• **WHAT YOU WILL DO**
Print exactly the lines from the one that contains "图1.系统A（左）和系统B（右）设置。" through the last line of the material, both included, and leave out all pictures.

• **DATA FOR REVIEW**
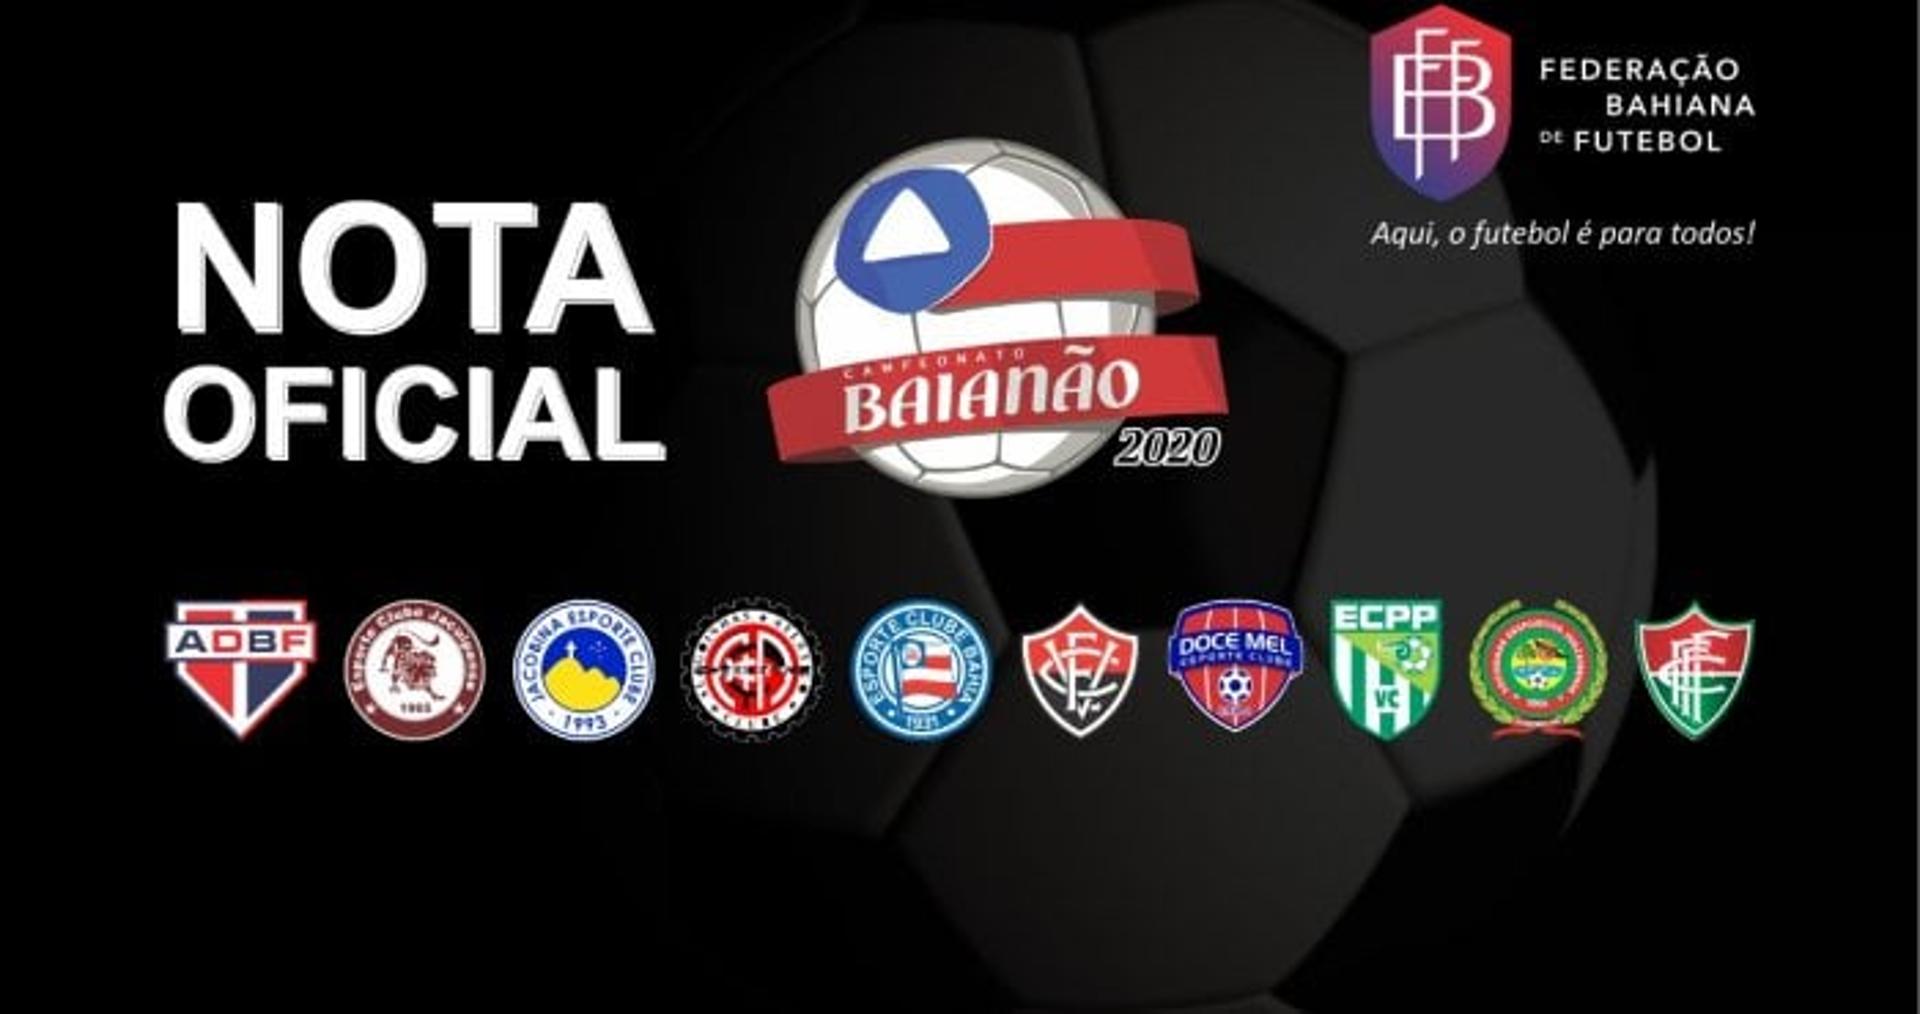 Federação Bahiana de Futebol em Nota Oficial
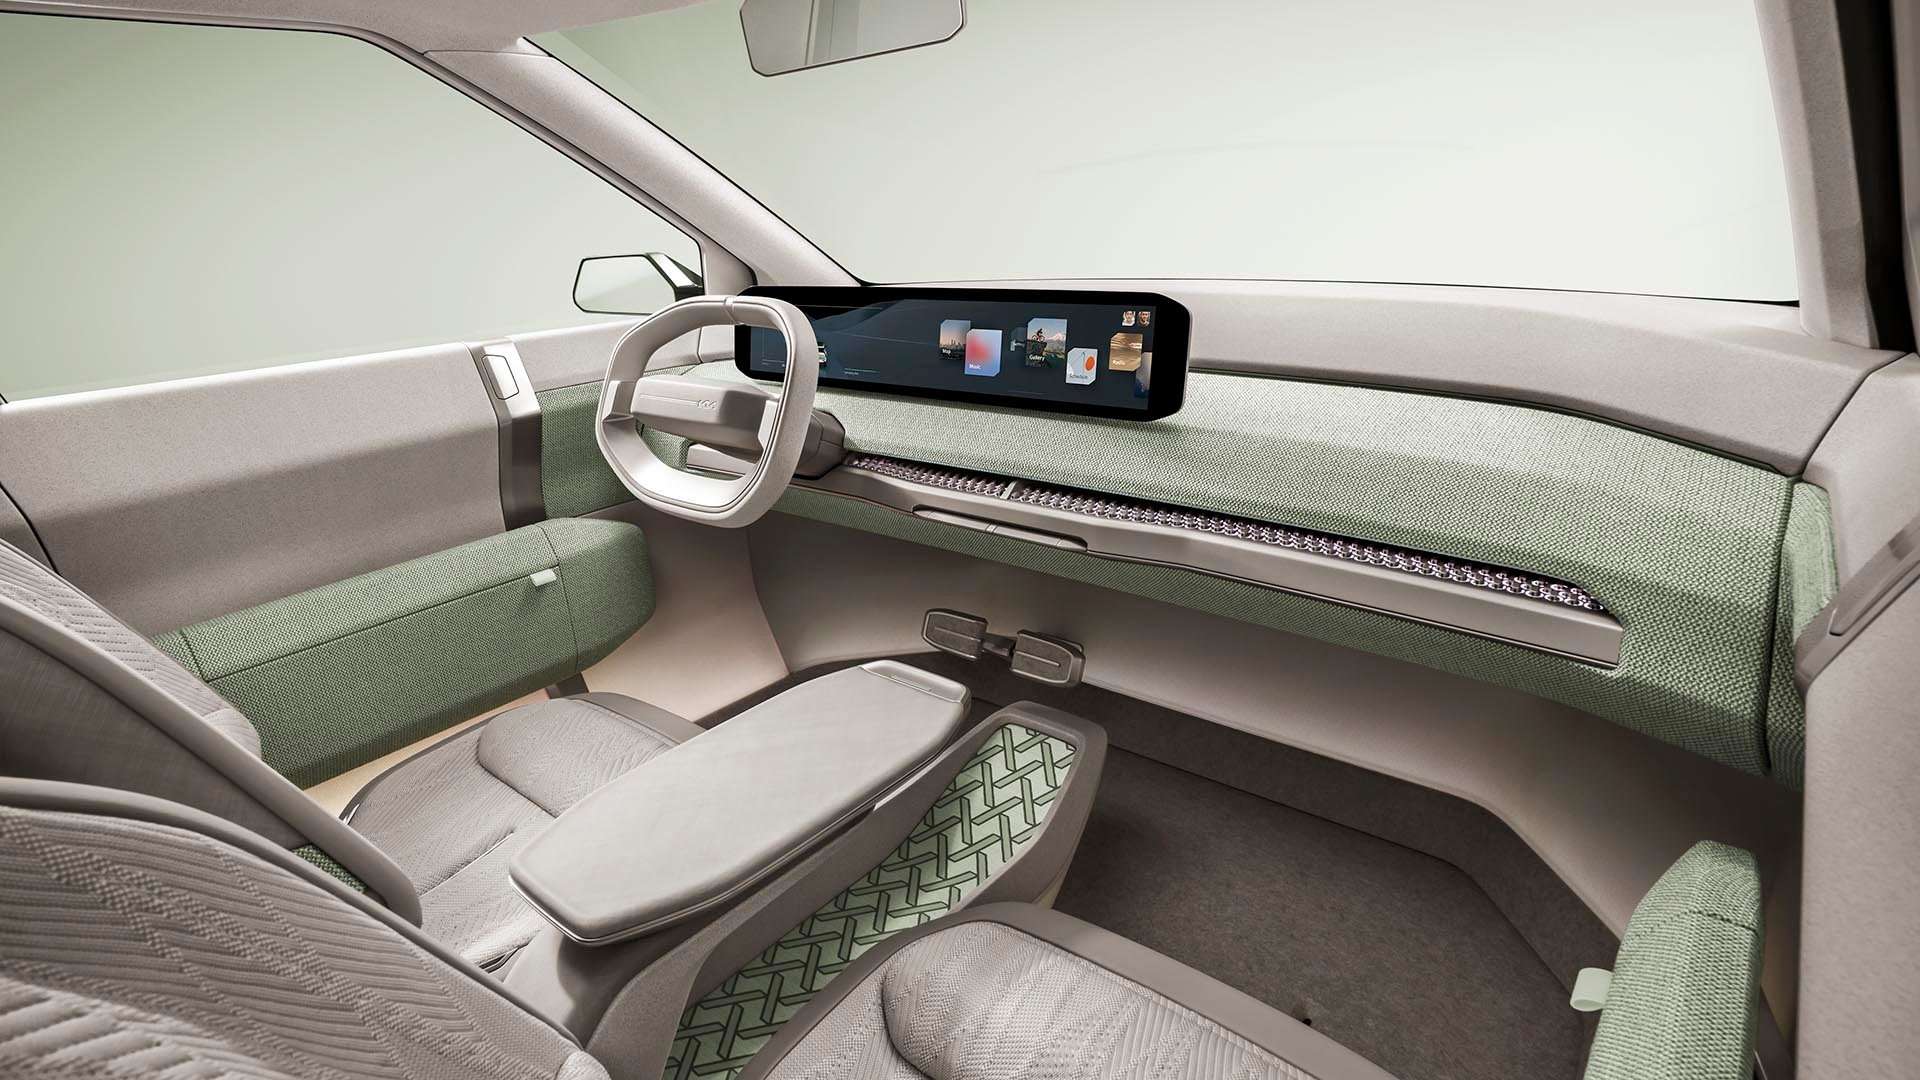 Kia EV3 Electric SUV साल के अंत तक हो सकती है लॉन्च, नई जानकारी आई सामने	
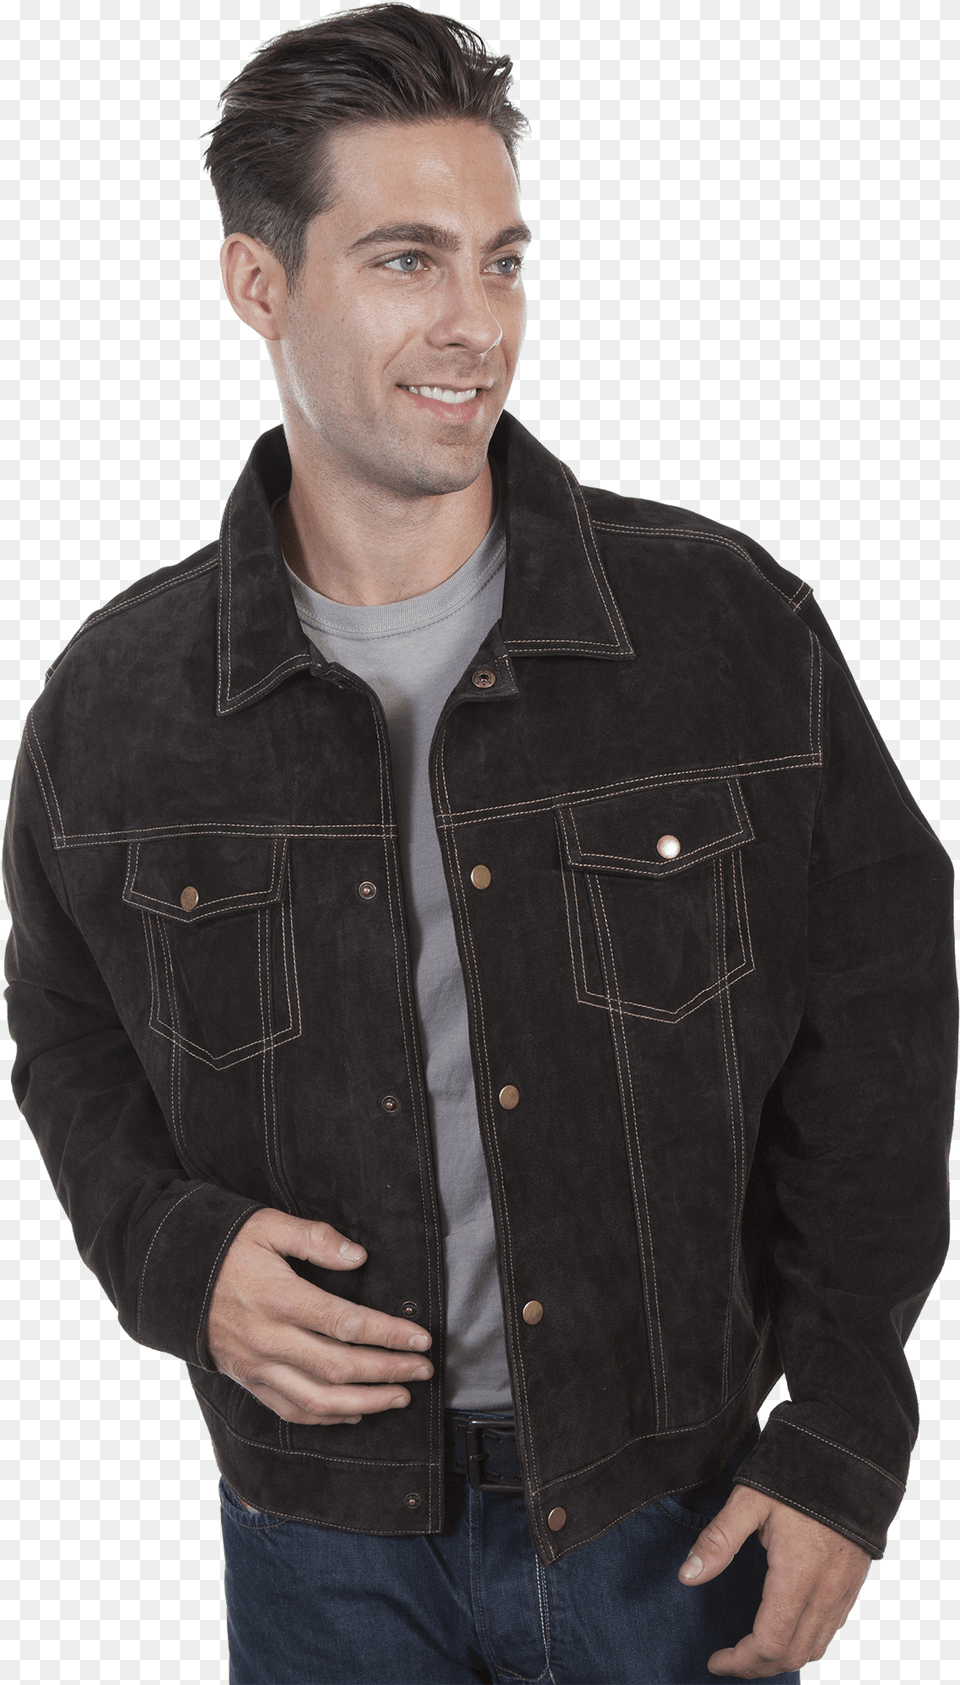 Jeans For Men, Vest, Jacket, Coat, Clothing Free Transparent Png
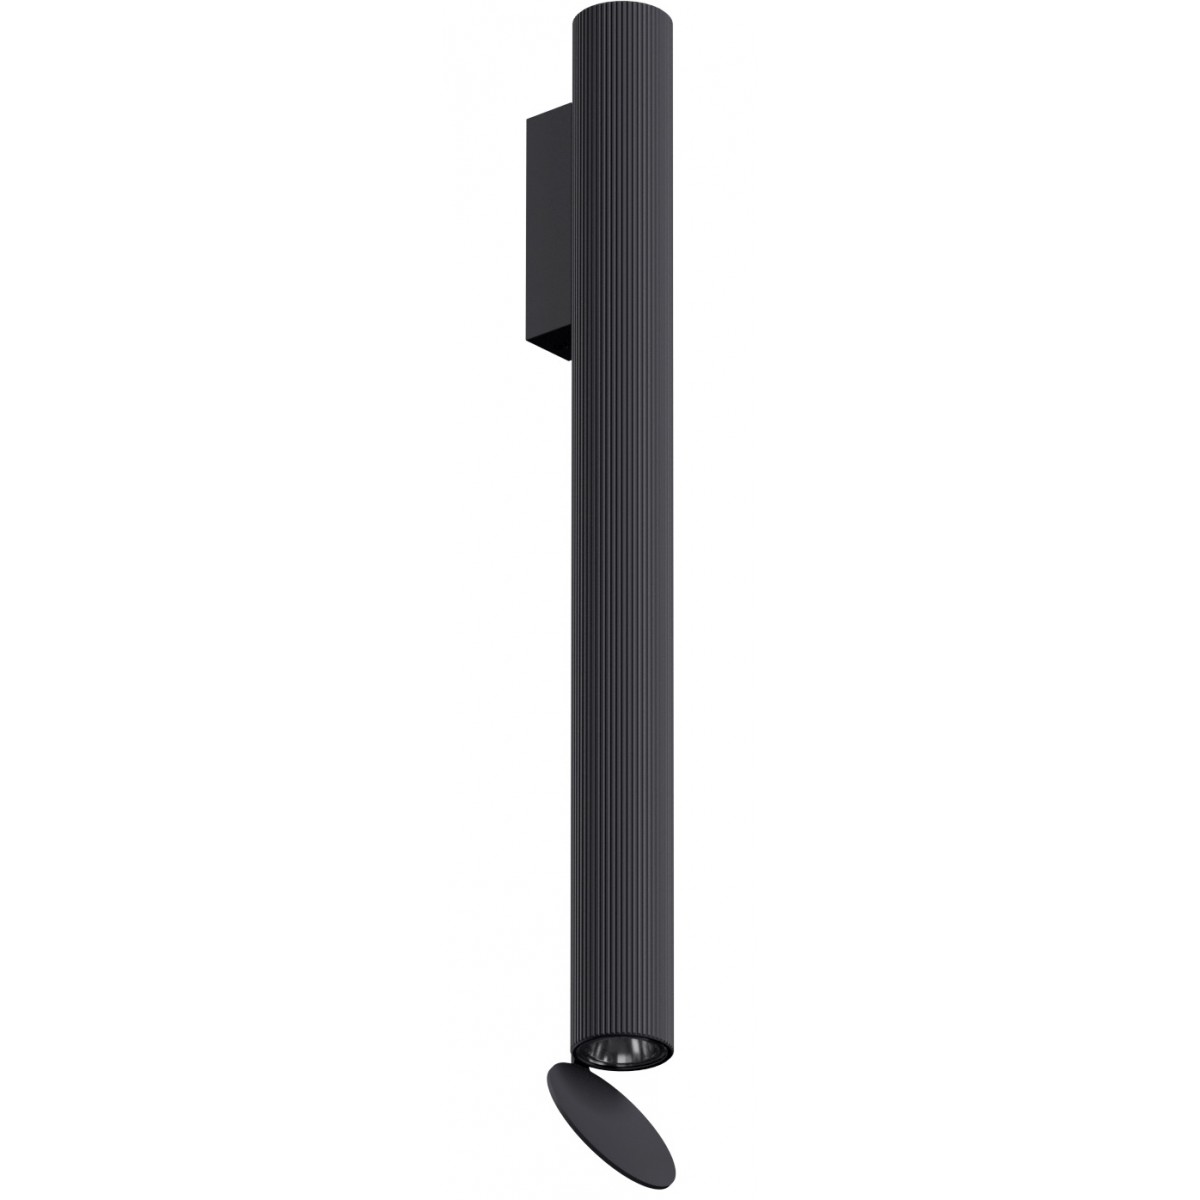 Flauta H50cm – Riga, black
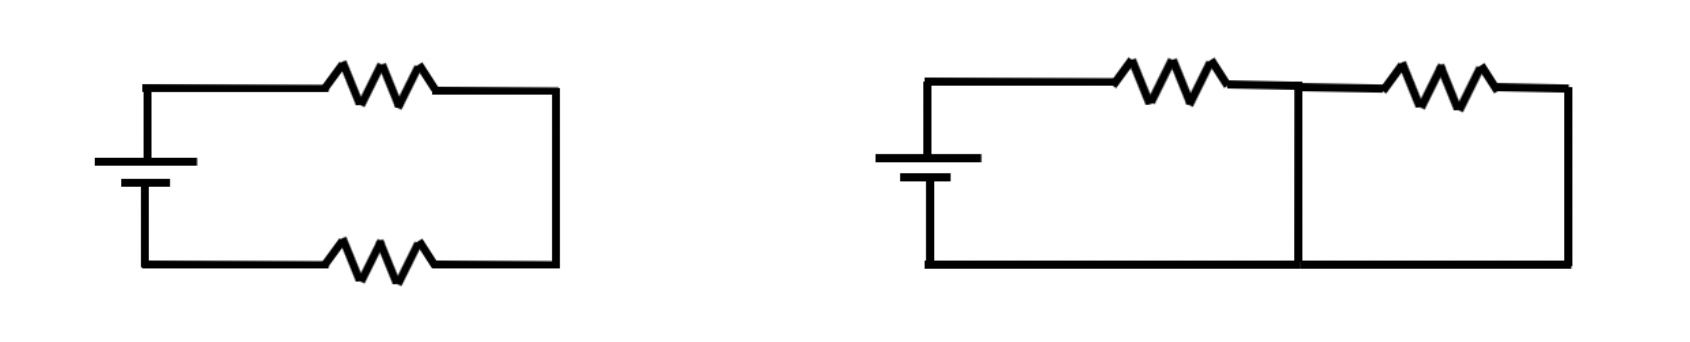 图1.系统A（左）和系统B（右）设置。
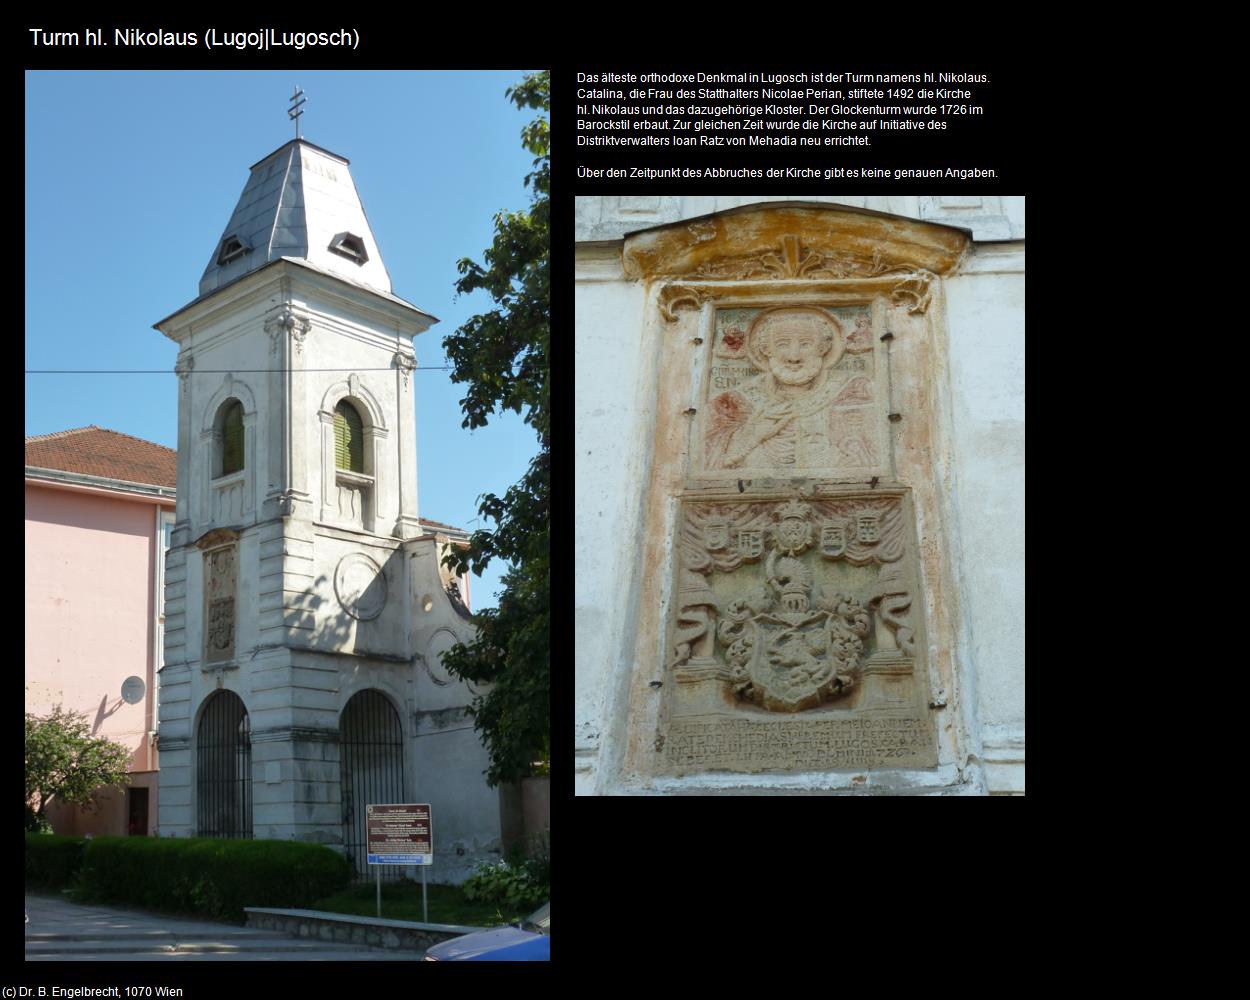 Turm hl. Nikolaus  (Lugoj|Lugosch) in RUMÄNIEN

• **WRITTEN ANSWER**
 图1.系统A（左）和系统B（右）设置。
 Turm hl. Nikolaus  (Lugoj|Lugosch) in RUMÄNIEN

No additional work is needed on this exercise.